Disclosure of Invention
The invention aims to provide a lightweight frame improved target identification method based on YOLOv3, which is used for solving the problems in the prior art and aims to improve the robustness of model parameters to noise while ensuring the improvement of the target detection speed and the accuracy of small target detection.
In order to achieve the purpose, the invention provides the following scheme: the invention provides a lightweight frame improved target identification method based on YOLOv3, which comprises the following steps:
s1, collecting pictures of vehicles, pedestrians and traffic environments under different road conditions, driving environments and weather conditions, and making an initial sample data set; specifically, step S1 includes:
s11, starting a driving recorder or a high-definition camera installed by a vehicle, and shooting driving information in a road traffic environment in real time;
s12, performing framing processing on the obtained driving video, and extracting images of each frame to obtain driving image sequence sets in different driving environments;
s13, screening the driving image sequence set obtained in the step S12, and selecting driving images under different illumination conditions, traffic time periods and environmental backgrounds;
and S14, marking the selected driving image by using a marking tool, framing a target area, wherein the target area comprises vehicles, pedestrians and traffic signs, and then labeling the target area to make an initial sample data set.

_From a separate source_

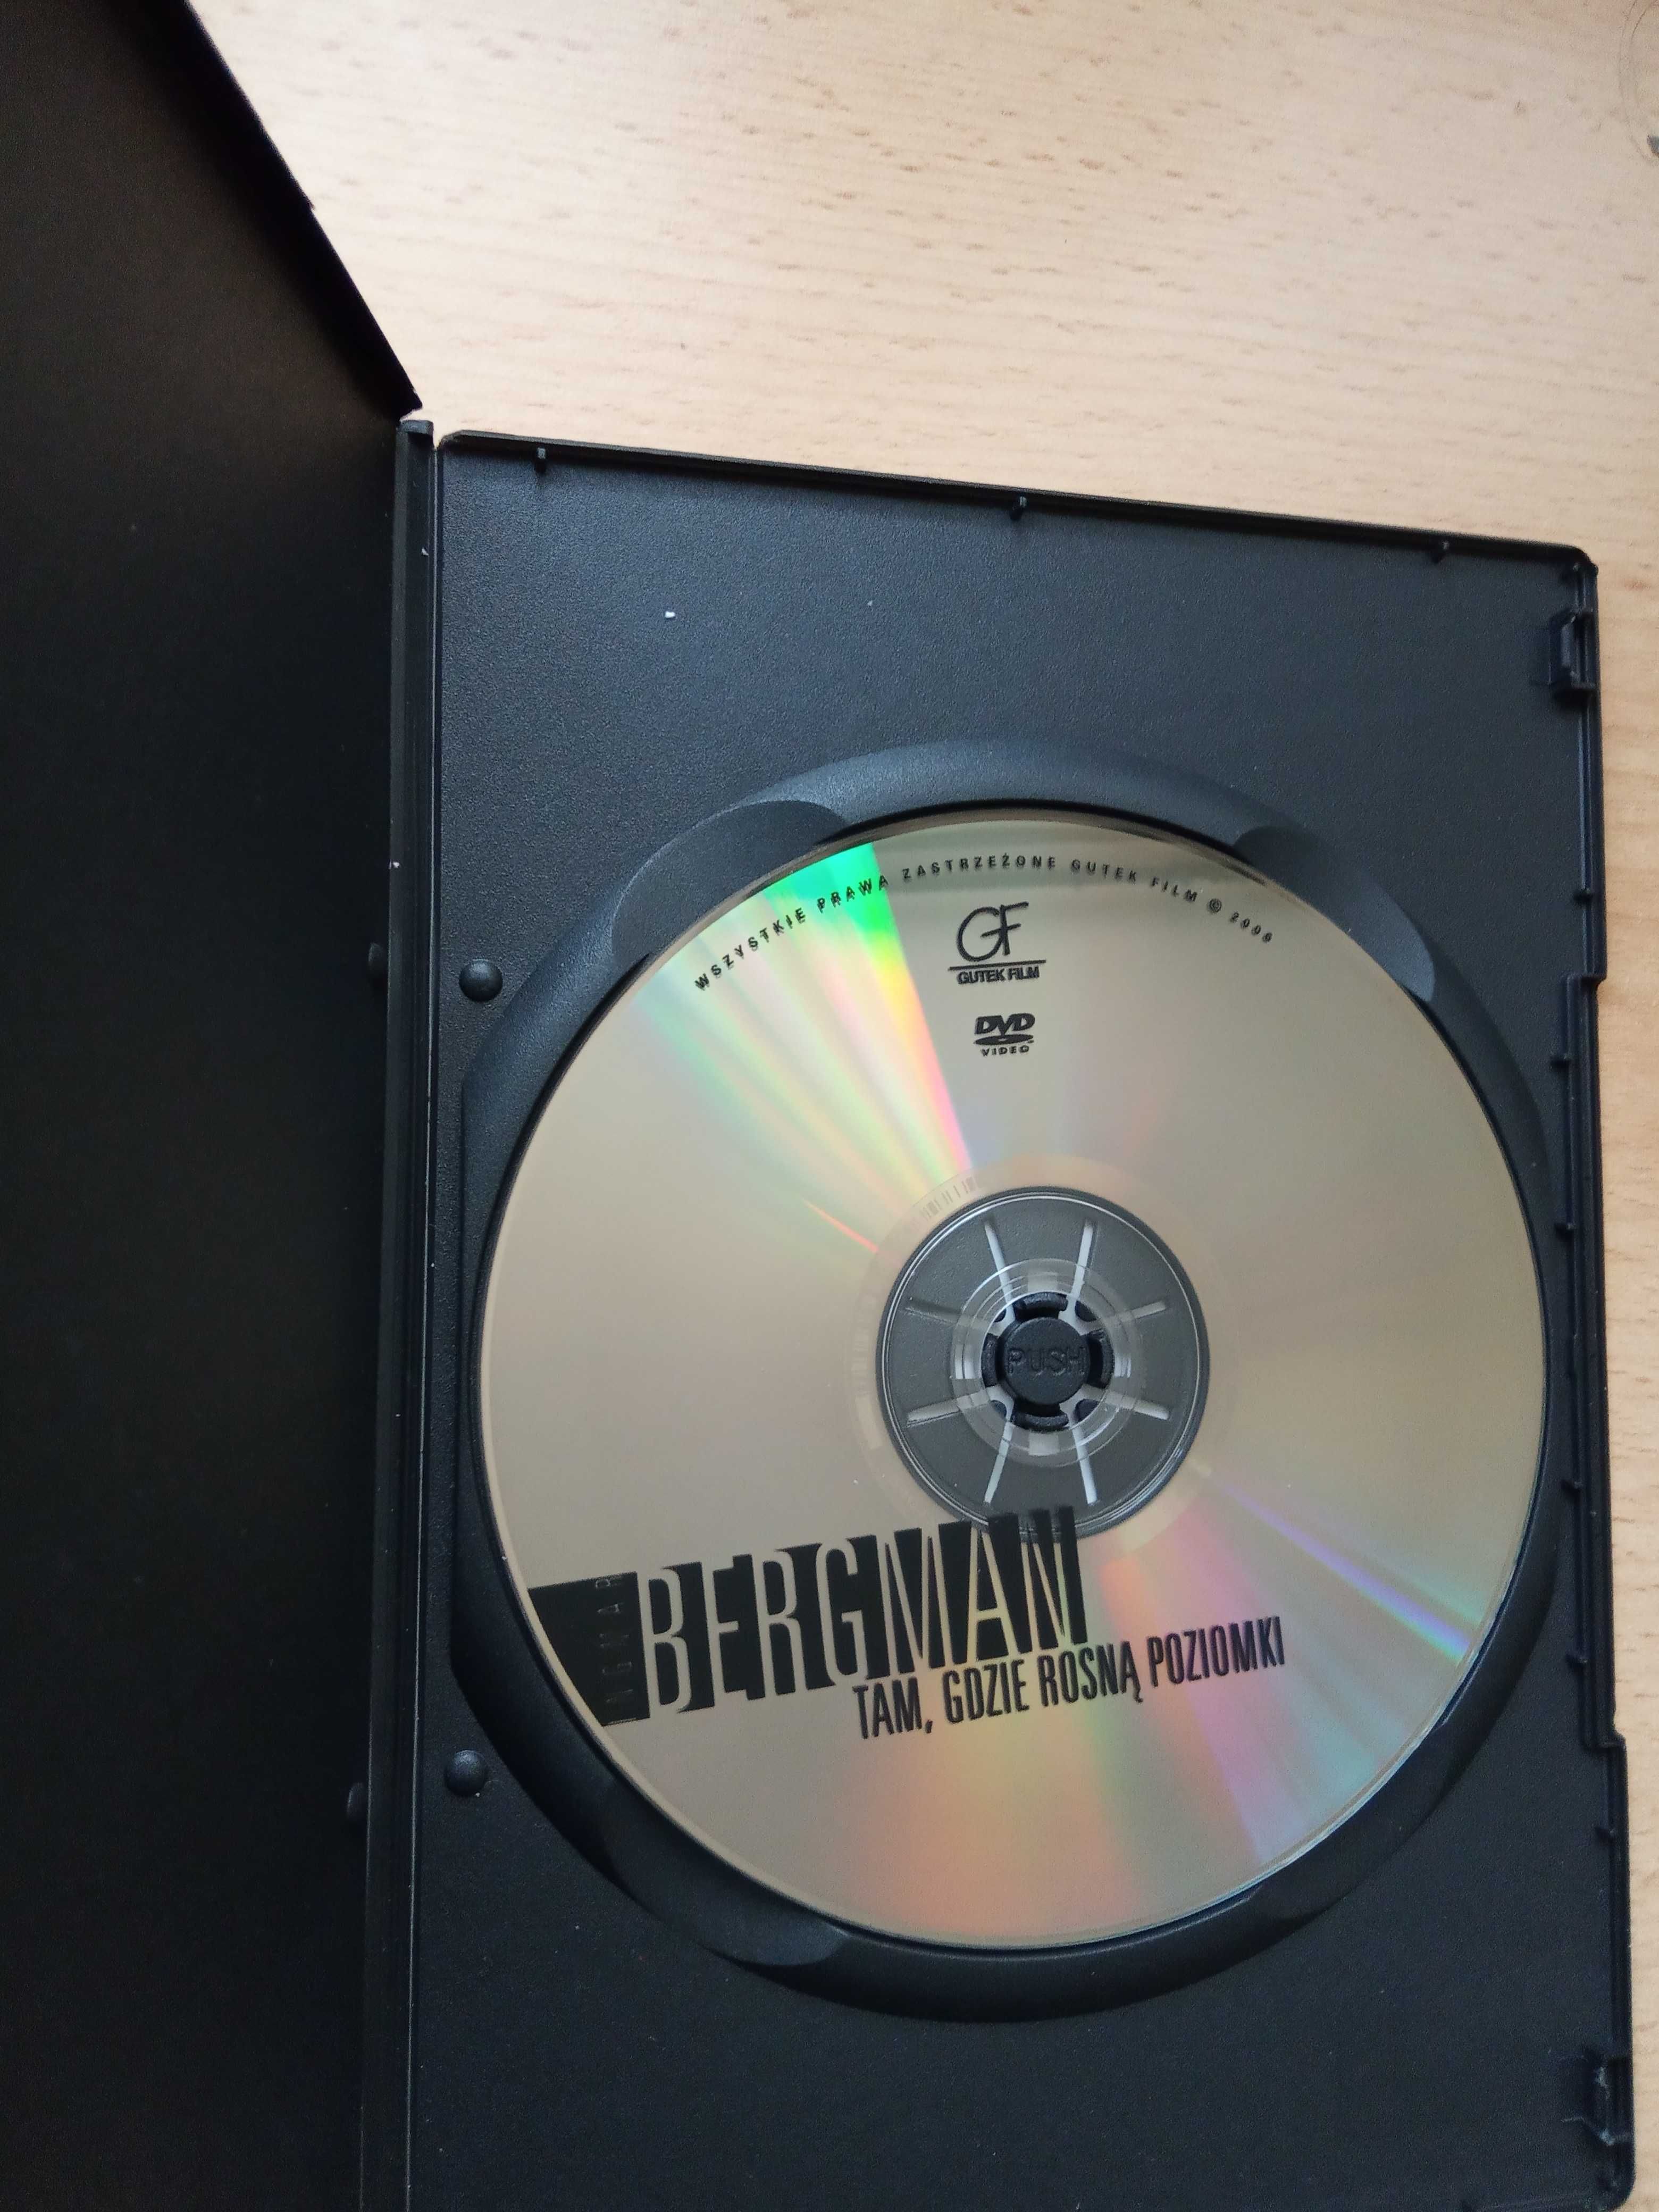 Tam, gdzie rosną poziomki, reż. Ingmar Bergman (DVD)

S2, preprocessing and enhancing the picture data in the initial sample data set to obtain a target identification sample data set, specifically, the step S2 includes: and (5) processing the characteristic parameters of the target to be recognized through translation, rotation, saturation adjustment, exposure adjustment and noise addition operation on the initial sample data set obtained in the step (S1) to obtain a complete sample data set.

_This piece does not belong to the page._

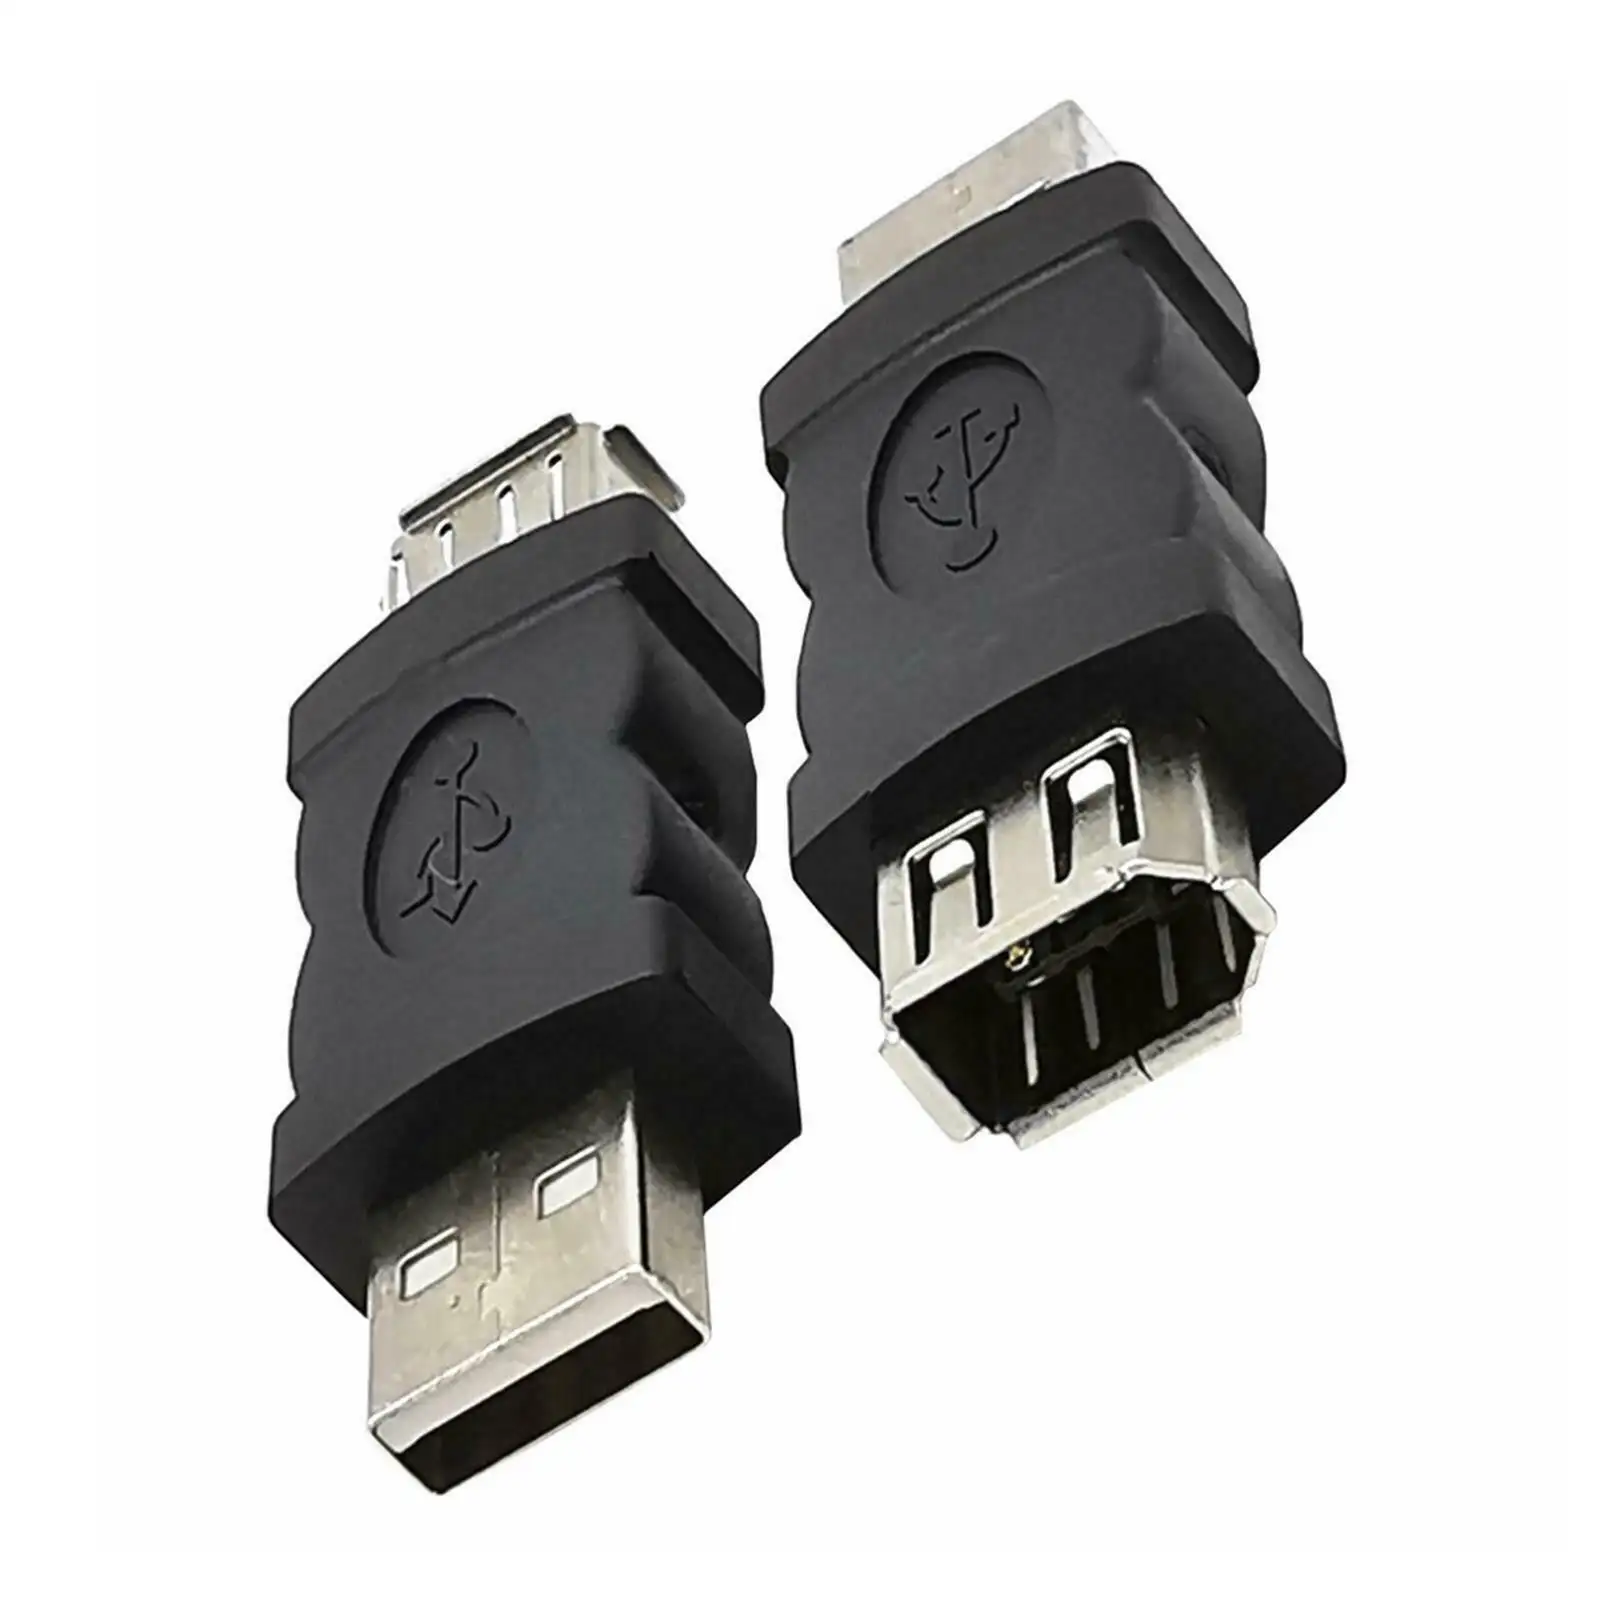 Novo Firewire IEEE 1394 conversor adaptador fêmea de 6 pinos F para USB M macho

And S3, dividing the obtained target recognition sample data set into a training set and a test set.
S4, embedding a SEnet structure in a YOLOv3-tiny method frame to obtain a YOLOv3-tiny-SE network model, specifically, the step S4 comprises the following steps:
embedding a SEnet structure in a YOLOv3-tiny method, embedding the SEnet structure after each pooling layer and after a convolutional layer before a final output result, adding the SEnet structure after the pooling layers of the 2 nd, 4 th, 6 th, 8 th, 10 th and 12 th layers and the convolutional layers of the 13 th, 14 th, 15 th, 19 th and 22 th layers by modifying a YOLOv3-tiny.cfg file, and specifying the characteristic channel values 16, 32 th, 64 th, 128 th, 256 th, 512 th, 1024 th, 256 th, 512 th and 256 of the input global pooling layer of the SEnet structure as the number of the characteristic channels output by the embedding layers to obtain a YOLOv3-tiny-SE network model.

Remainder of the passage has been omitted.